I am Gerry Beathard from Bastrop, TX. I have been a mason for 21 years. I joined in my early 20s. I am an endowed member of Austin 12, Mina 1456 and Ben Hur Shrine. I am also a member of Colorado Commandary, Austin Valley of the Scottish Rite, Bastrop OES 64, and JD Giddings Lodge 280.

I am working on getting my A certificate and teaching two new masons their work. My son, 18 yrs old, is a FC and one of his friends, also 18, is an EA. They have another friend that is also 18 joining next month. Our average age seems to be dropping fast.


----------



## Bro. Stewart P.M. (Jan 24, 2011)

Bro. Gerry,

Welcome to Masons of Texas!! We're glad that you are here with us!

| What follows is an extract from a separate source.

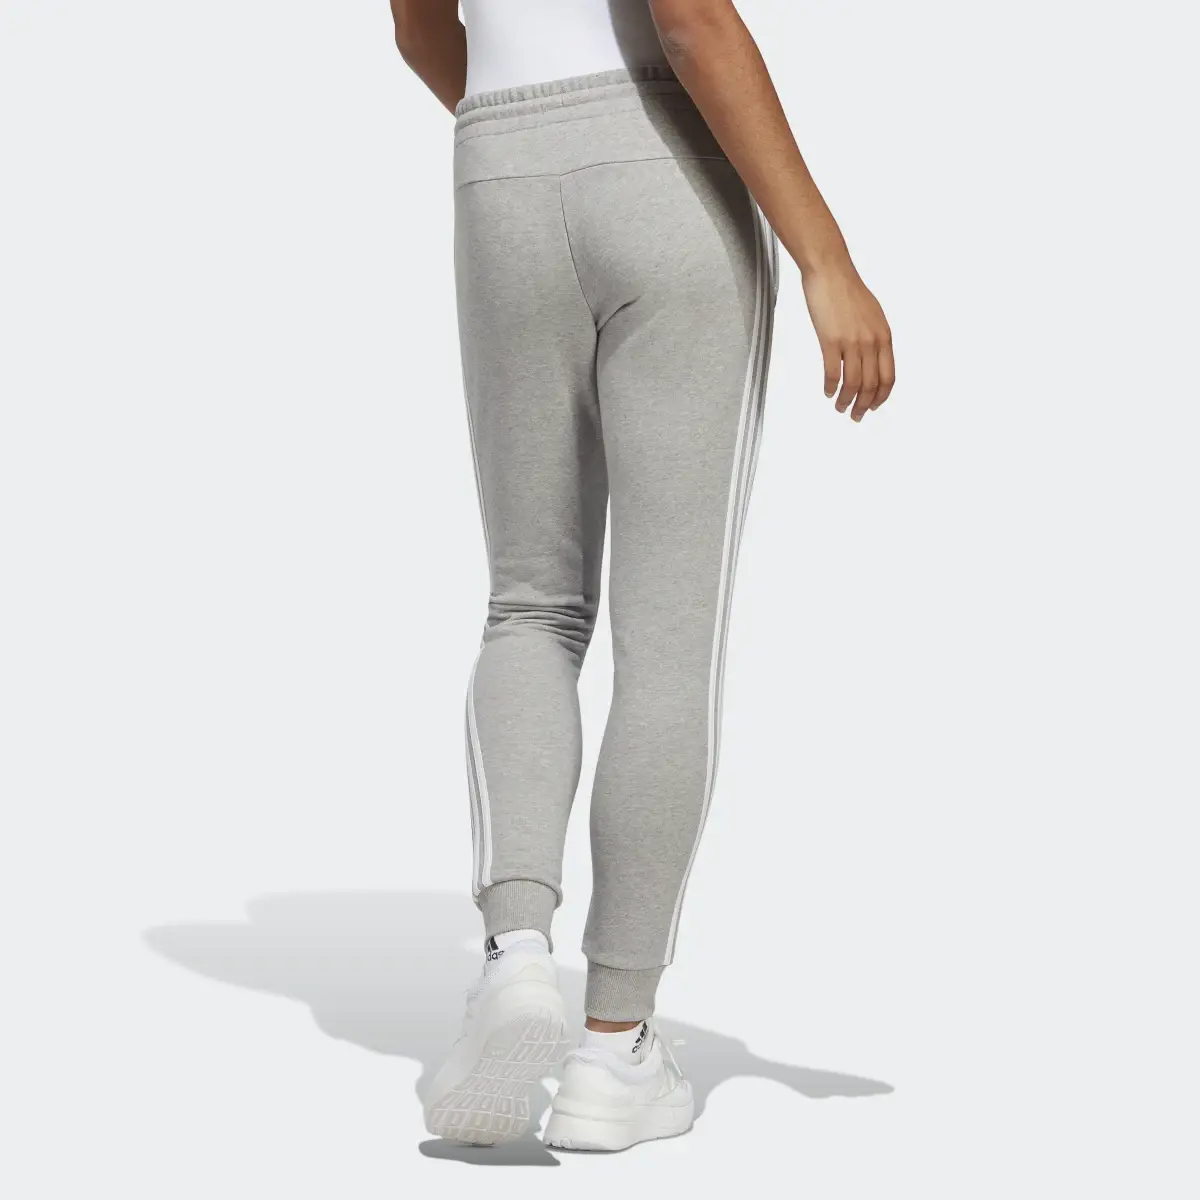 Adidas Essentials 3-Stripes French Terry Cuffed Joggers. 2

Keep up the good work with those young'ns!!


----------



## Bro.BruceBenjamin (Jan 24, 2011)

Welcome to forums.


----------



## RichardRLJ (Jan 24, 2011)

Welcome Brother!  Anxious to hear your comments!  Sounds like you have a lot of interesting experience!


----------



## peace out (Jan 25, 2011)

Howdy, Beathard.


----------



## jhodgdon (Feb 1, 2011)

That's great Bro. Beathard! Good to meet you


----------



## Blake Bowden (Feb 1, 2011)

I've had the opportunity to visit Mina Lodge on a few occasions...great place to dwell with the Brethren!


----------



## AMcClure (Feb 1, 2011)

Good to meet you brother!


----------



## JTM (Feb 1, 2011)

welcome to the boards.


----------



## Dave in Waco (Feb 1, 2011)

Welcome Brother Beathard!!


----------